Dramatic improvement needs to be made at defensive tackle and nose tackle positions, however, and the extant problem doesn’t seem to be size, strength or speed.

What’s left?

What’s left is what George Fleming was talking about above: mental toughness, pride and desire.

When I watch Washington interior defensive linemen, they occupy the O-linemen.  But I’m reminded of the opening speech in Patton where the great general says: “Now, there’s another thing I want you to remember: I don’t want to get any messages that we’re holding our position.  We’re not holding anything… We are advancing constantly…  We’re going to kick the hell out of [the enemy] all the time, and we’re going to go through him like crap through a goose!”  Football isn’t war but that attitude is no different with a good D-line.  A good interior D-lineman doesn’t occupy anything.

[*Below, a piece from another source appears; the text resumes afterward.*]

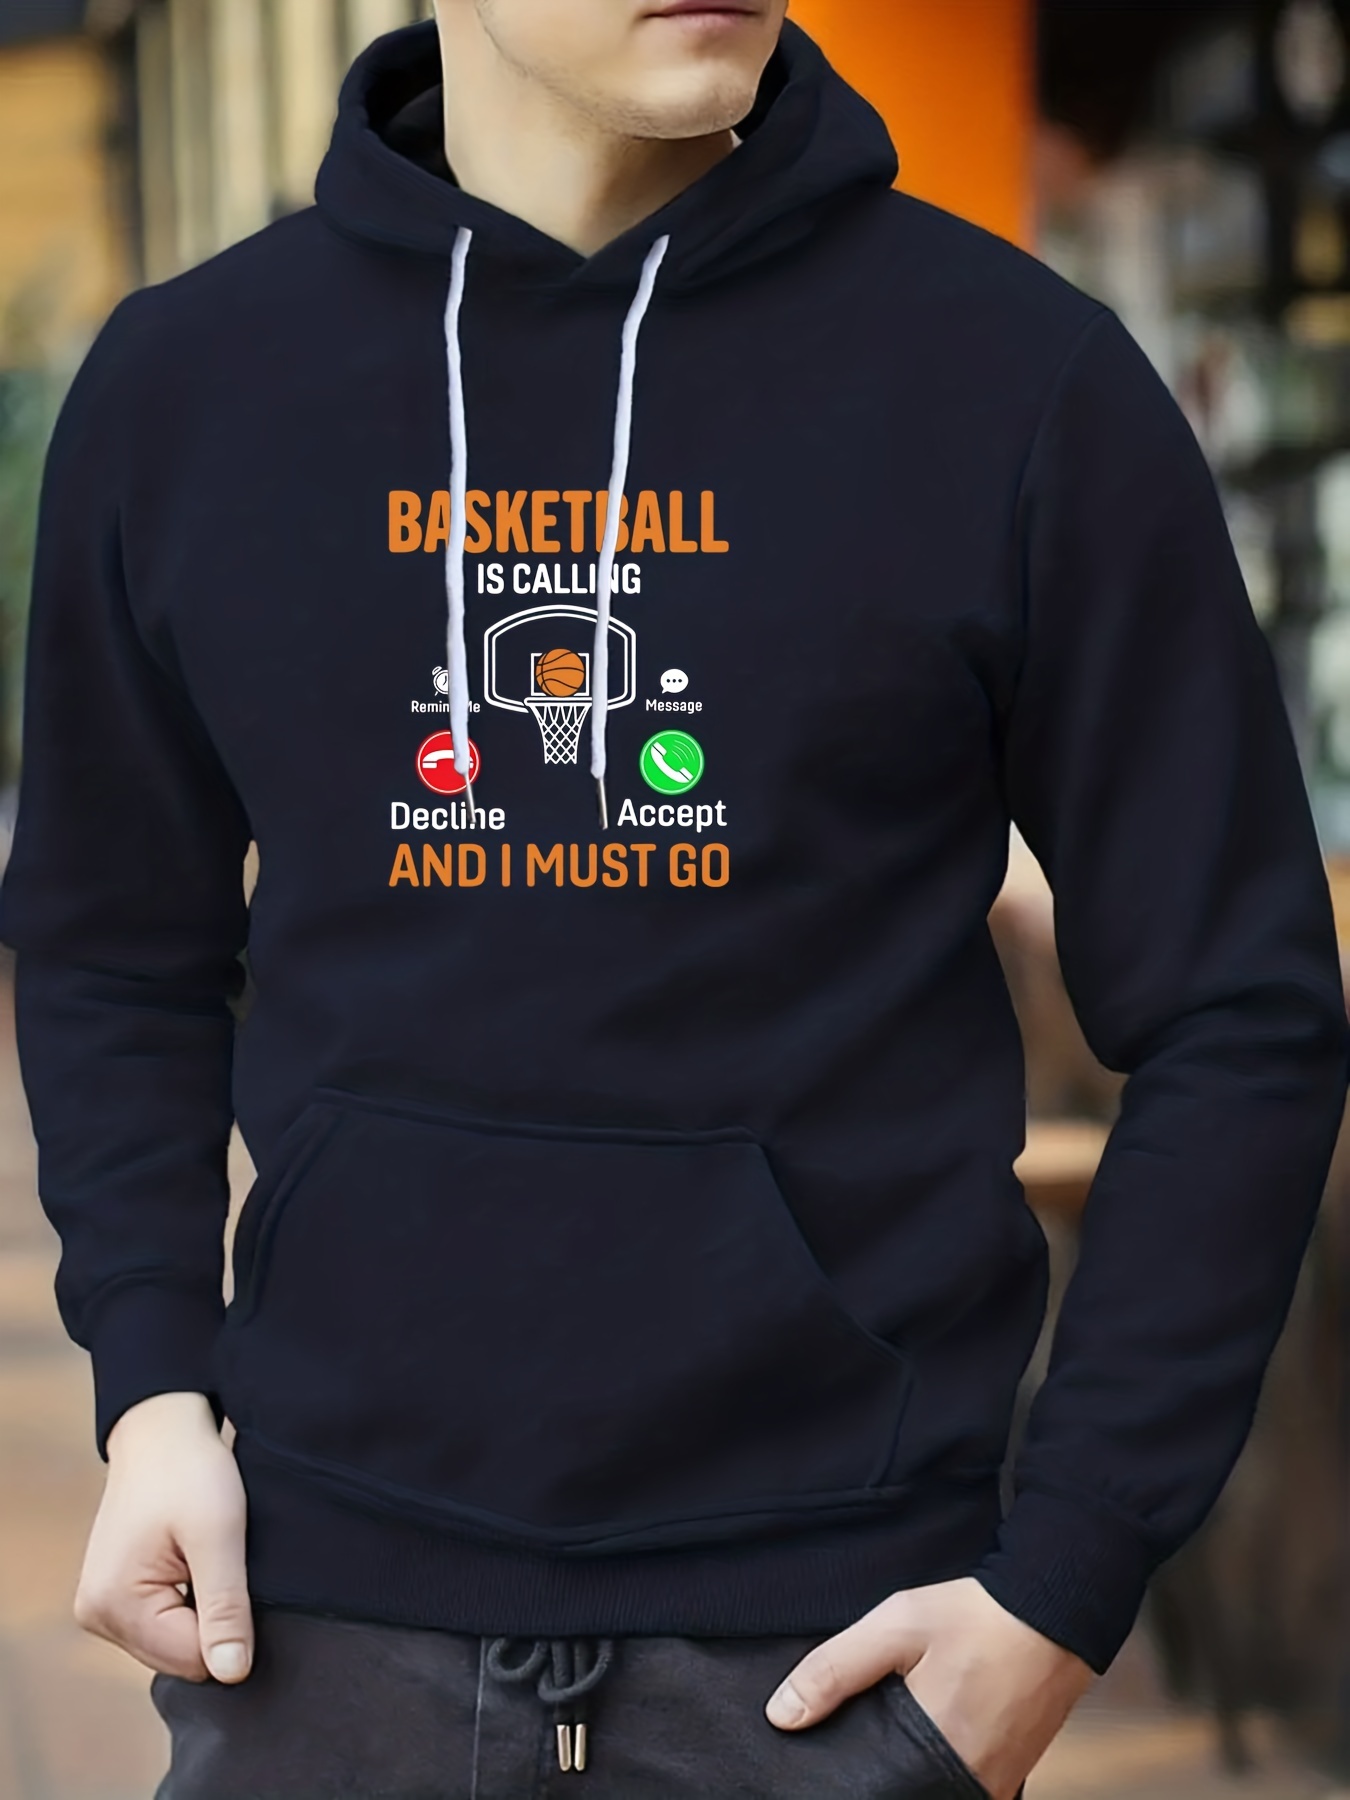 Basketball Print, Men's Outfits, Casual Hoodies Long Sleeve Color

The Husky interior guys may believe, no doubt, they already are going all-out.  From watching video, however, there is often evidence of a lack of tenacity, mental toughness.  This disappointment must be fixed if Washington is to have a great D-line.  There are two ways to do it: either 1) present players, e.g., Lawrence Lagafuaina, Semisi Tokolahi, Taniela Tupou, Sione Potoa’e and Danny Shelton, learn to bring it all the time or 2) Washington recruits new players who will.

Recruiting J.C. player Josh Banks, a 6’3” 283 lb. San Joaquin Delta College defensive tackle will help.  Banks brings an attitude to go with his strength and speed.  When No. 1 ranked City College of San Francisco (CCSF) played Delta this past season, CCSF had won all previous games by an average victory margin of 53 points, racking up 527 yards per game in total offense.  Bank’s Delta team held San Francisco to 16 points due primarily to tough Delta D-line play.  During the previous game against San Jose City College (SJCC), Banks sacked the SJCC QB four times.

Mt. Miguel High’s Malcolm Jackson, another Washington commit, is wide and fast. It’s obvious he needs to work on technique but the tools are there.  Presently around 258 lbs., Jackson has the frame to carry 295 lbs.  One tired offensive lineman who went up against Jackson this past season said after the game, “He doesn’t stop. He goes whistle to whistle. He’s got a motor behind him.”  When Jackson is the subject of discussion, invariably the word “motor” is used.  Although Jackson received offers from many schools, he visited none of them – including Washington – before giving his commitment to the Huskies because, Jackson says, “Washington’s the school I really wanted to attend.”

Washington appreciates Jackson’s foresight and loyalty because Washington needs to recruit interior D-linemen who can get into the offensive backfield.  Ellis McCarthy is still out there.  Azziz Shittu.  Getting five-star D-linemen is not an easy matter.  On the other hand, coaches cannot let promising local talent, such as was the case with Foss High’s Scott Crichton, escape.

One way or another, Washington needs to assemble a defensive line that follows in the tradition of past great Husky D-lines; they need to do that if Washington is to rise to an acceptable level of respectability and consistently contend for Pac-12 championships.

The offense is playing well and, considering the ages of O-line starters, will probably improve.  Obviously, if the defense can rise to the occasion, the future will brighten even more.  Meanwhile, an improvement in mental toughness, pride and desire “all the time” along the D-line is absolutely necessary.  Either present D-linemen step-up their game or Washington brings in fresh blood that can wreak havoc in the trenches.  Or, ideally, both.

Finishing among the worst teams on defense in the Pac-12 is, of course, inimical to Washington football tradition.  Washington was known for great defenses.  Granted, Washington still has ground to travel before the pain of 0 – 12 is forgotten.  The quickest way to memory loss, however, is simple: recruit a few interior D-linemen with future NFL potential, and these young men will gradually cure much of what has been ailing the Huskies.